Army Rewrites Drone Doctrine Force-Wide as “Drone Dominance” Becomes Priority

The U.S. Army is overhauling its operational doctrine across all echelons to incorporate lessons from the accelerating battlefield use of uncrewed aircraft systems, abandoning the traditional years-long doctrinal update cycle in favor of an iterative, experience-driven process.

Image: U.S. Army photo by Staff Sgt. Adeline Witherspoon

The effort is framed explicitly around the Army’s “drone dominance” objective, which Richard Creed, director of the Combined Arms Doctrine Directorate (CADD) at Fort Leavenworth, described as a Department priority. “Most efforts this past year focused on fielding systems and learning to use them,” Creed said. “As operational forces gain expertise, we can better determine what the doctrine should say.”

The approach inverts the conventional sequence: rather than codifying doctrine before fielding, the Army fields capabilities to soldiers, harvests real-world TTPs, and pushes updates back into the doctrinal library. The service’s capstone operations manual, Field Manual 3-0, was revised in March 2025 to reflect the persistent-drone threat environment, adding operational imperatives that include “protect against constant observation” and “make contact with sensors, unmanned systems, or the smallest element possible.” The update also incorporated vignettes drawn from the Russo-Ukrainian War.

The revision process runs through a two-tier structure. CADD handles broad conceptual doctrine, while the Army Centers of Excellence address domain-specific detail. Robert Ault, CADD deputy director, noted that newly published Army Training Publications now feed back upward, prompting reexamination of higher-level field manual concepts — a dynamic that keeps the doctrinal architecture in continuous motion rather than on fixed publication cycles.

On the offensive side, the Maneuver Center of Excellence is finalizing ATP 3-90.51, Tactical Employment of Small Unmanned Aircraft Systems.

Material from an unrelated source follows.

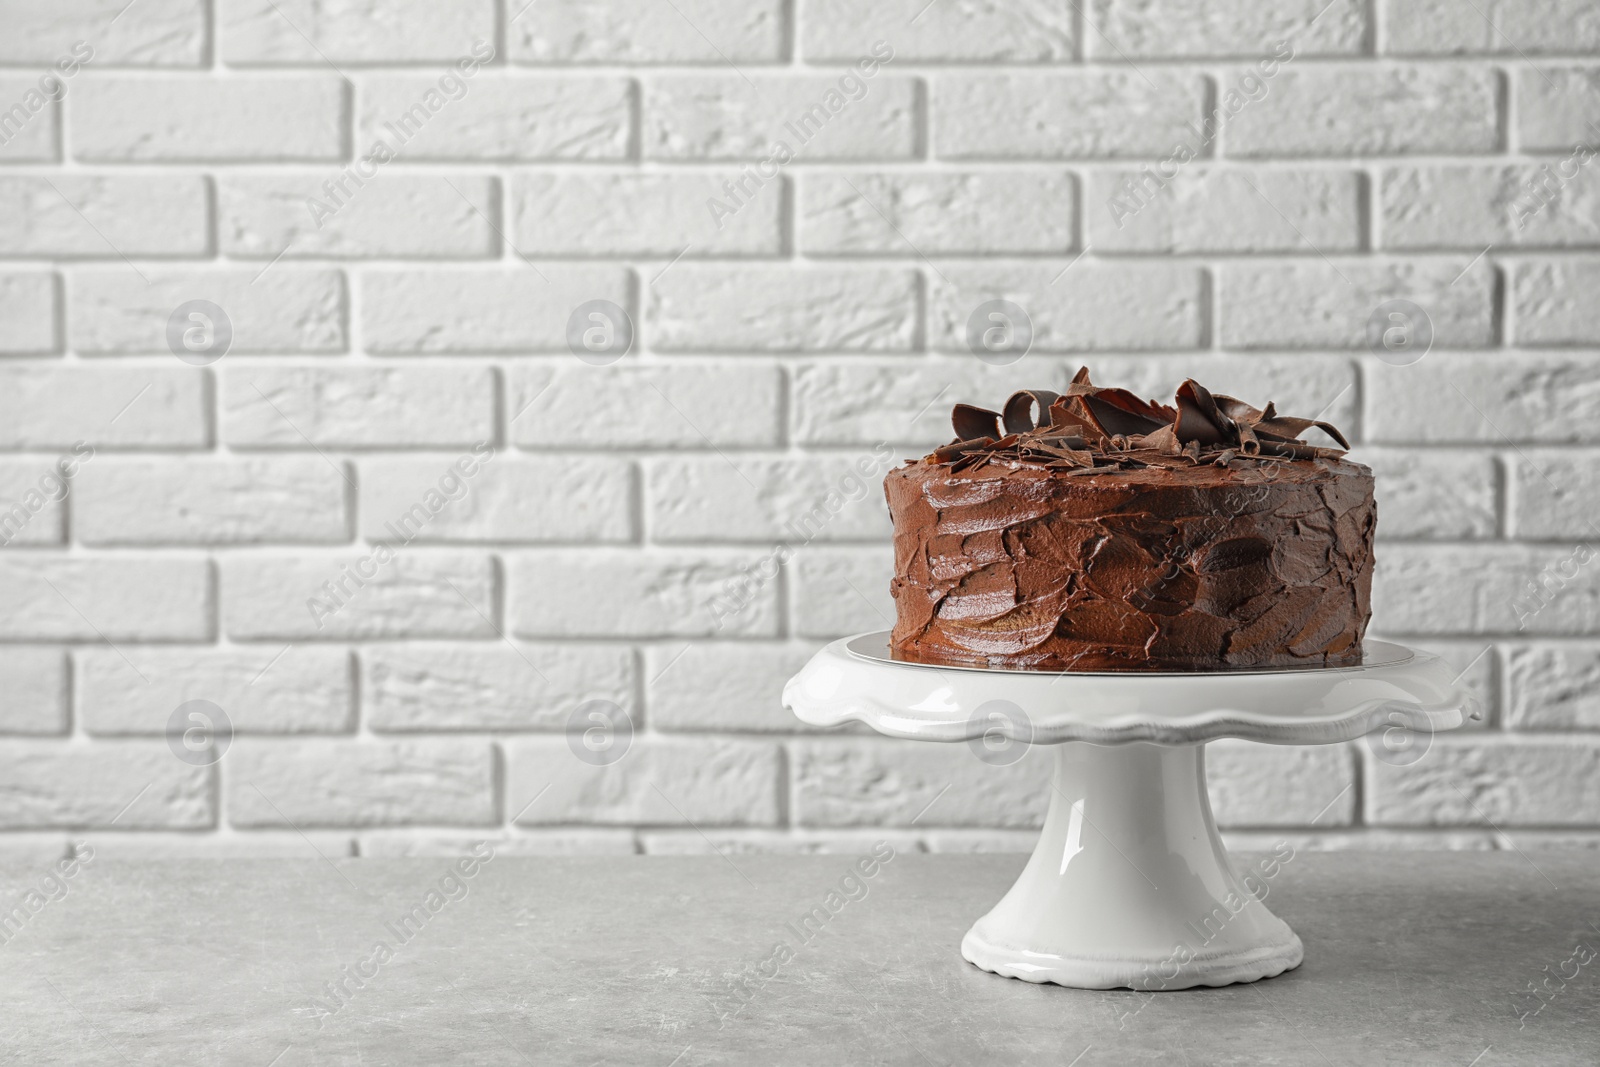 Photo of Stand with tasty homemade chocolate cake on table near brick wall. Space for text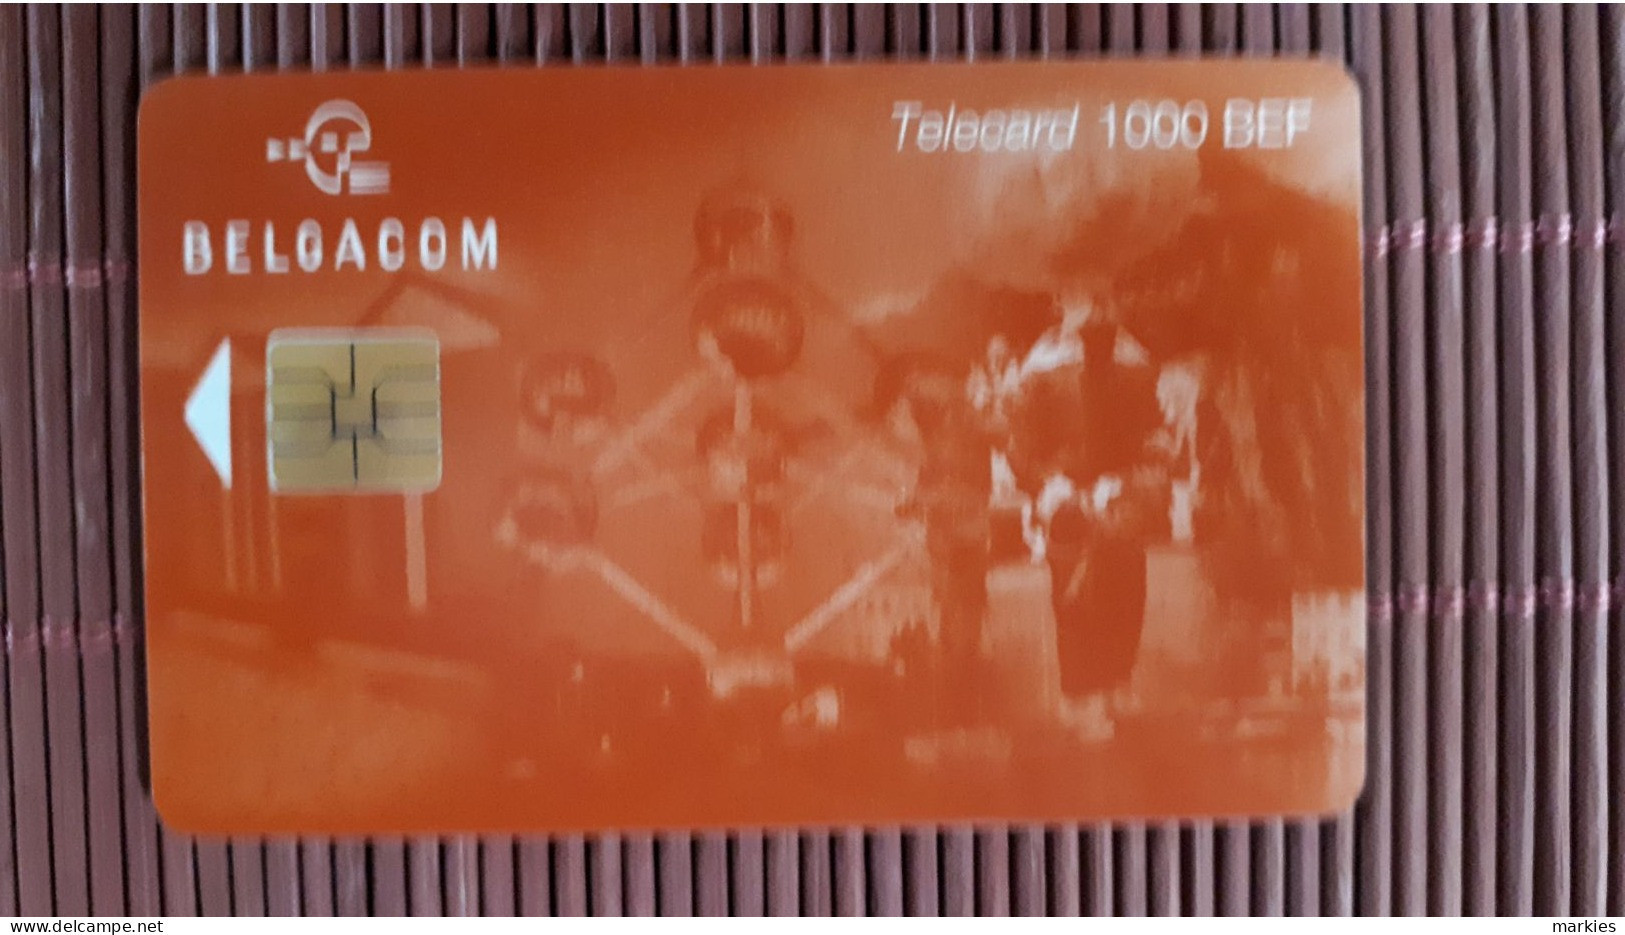 Atomium Phonecard  1000 BEF  HI 31.12..2001 Very Rare Catalogue 43,38 Euro Used Only 5000 Ex Made  Rare - Con Chip

On the defensive side, the Fires Center of Excellence is revising ATP 3-01.81, Counter-Small Unmanned Aircraft System Techniques. Both are described as responsive to the pace of change on current battlefields. The revision process also extends to foundational intelligence doctrine: FM 2-0, Intelligence, is being updated to expand coverage of adversary UAS capabilities and individual soldier tasks related to the drone threat.